El viaje por la Patagonia toca a su fin: a través del Estrecho de Magallanes el Ventus Australis se acerca la Isla Magdalena, la llamada «Isla de los Pingüinos». En su momento, la expedición de Magallanes ya arribó a esta islita: Pigafetta, en 1524, hablaba de cómo habían encontrado aquí pájaros y leones marinos cuando habían desembarcado. Gansos extraños, los llamó. Y durante siglos los navegantes hacían una pausa obligada para abastecerse de carne de pingüino y pescado.
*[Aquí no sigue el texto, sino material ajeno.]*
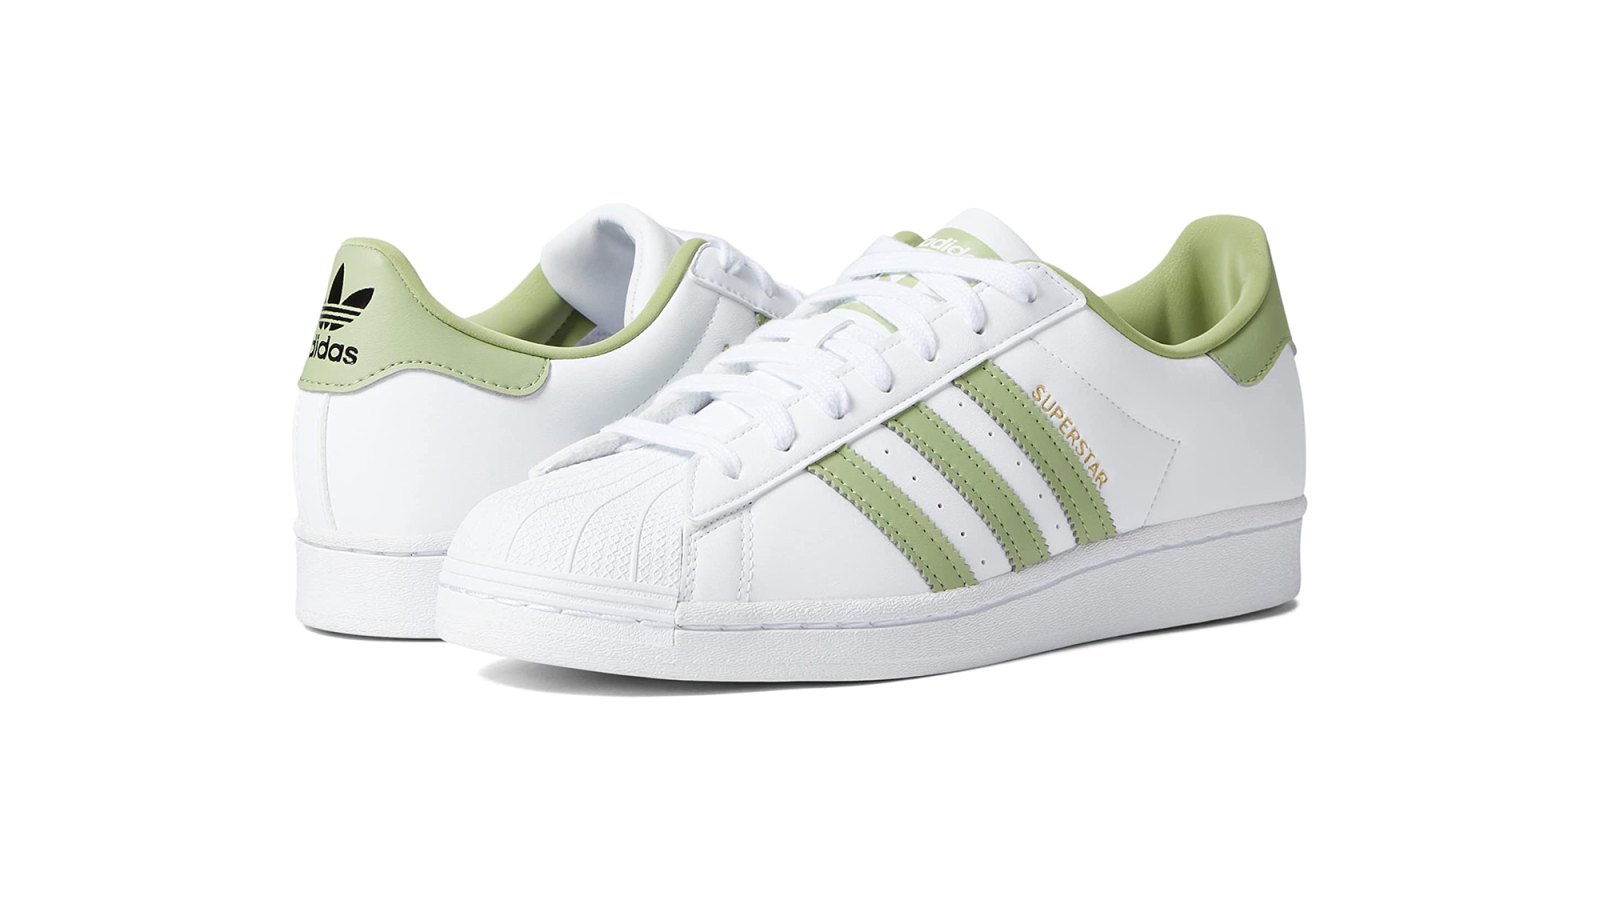 Adidas Classic Sneakers Have a Pop of Color That\'s Ideal for Spring | Us  Weekly
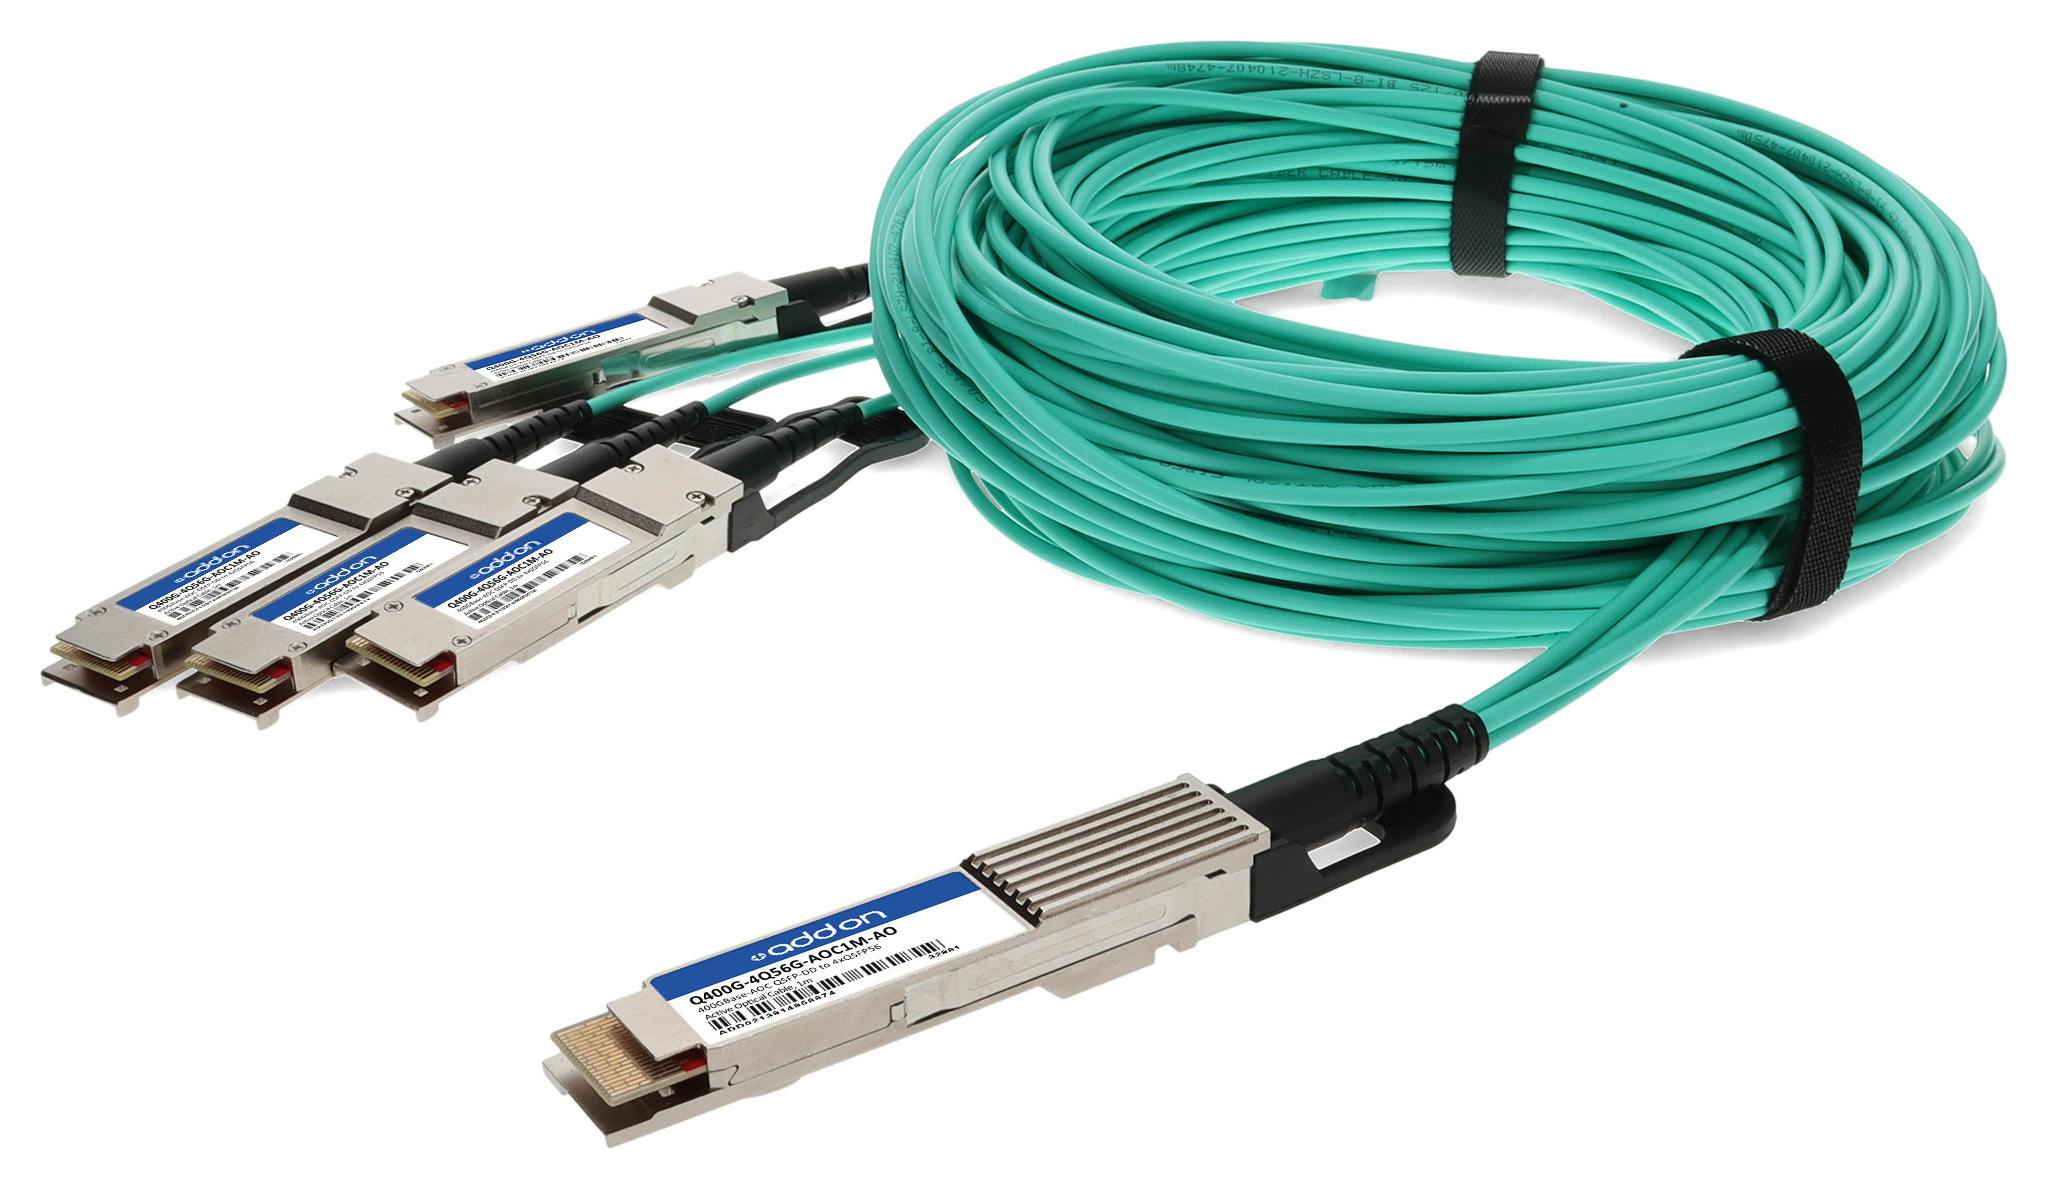 QSFP-DD breakout AOC cables from AddOn

En la actualidad, el mayor peligro que deben combatir los pingüinos magallánicos son las agresivas gaviotas; los humanos que los visitan lo hacen en número reducido y con estrictas normas de seguridad y distancia para no perturbarlos. Los pingüinos tienen preferencia de paso, que usan sin rubor, y, animalitos curiosos, observan sin miedo a quienes por allí pasamos. En tierra siempre resultan un poco cómicos, con su andar rígido y solemne. Se siente una simpatía instintiva por ellos; casi inevitable humanizarlos. Además, son hipermétropes, con lo que sabe Dios qué verán cuando nos miran…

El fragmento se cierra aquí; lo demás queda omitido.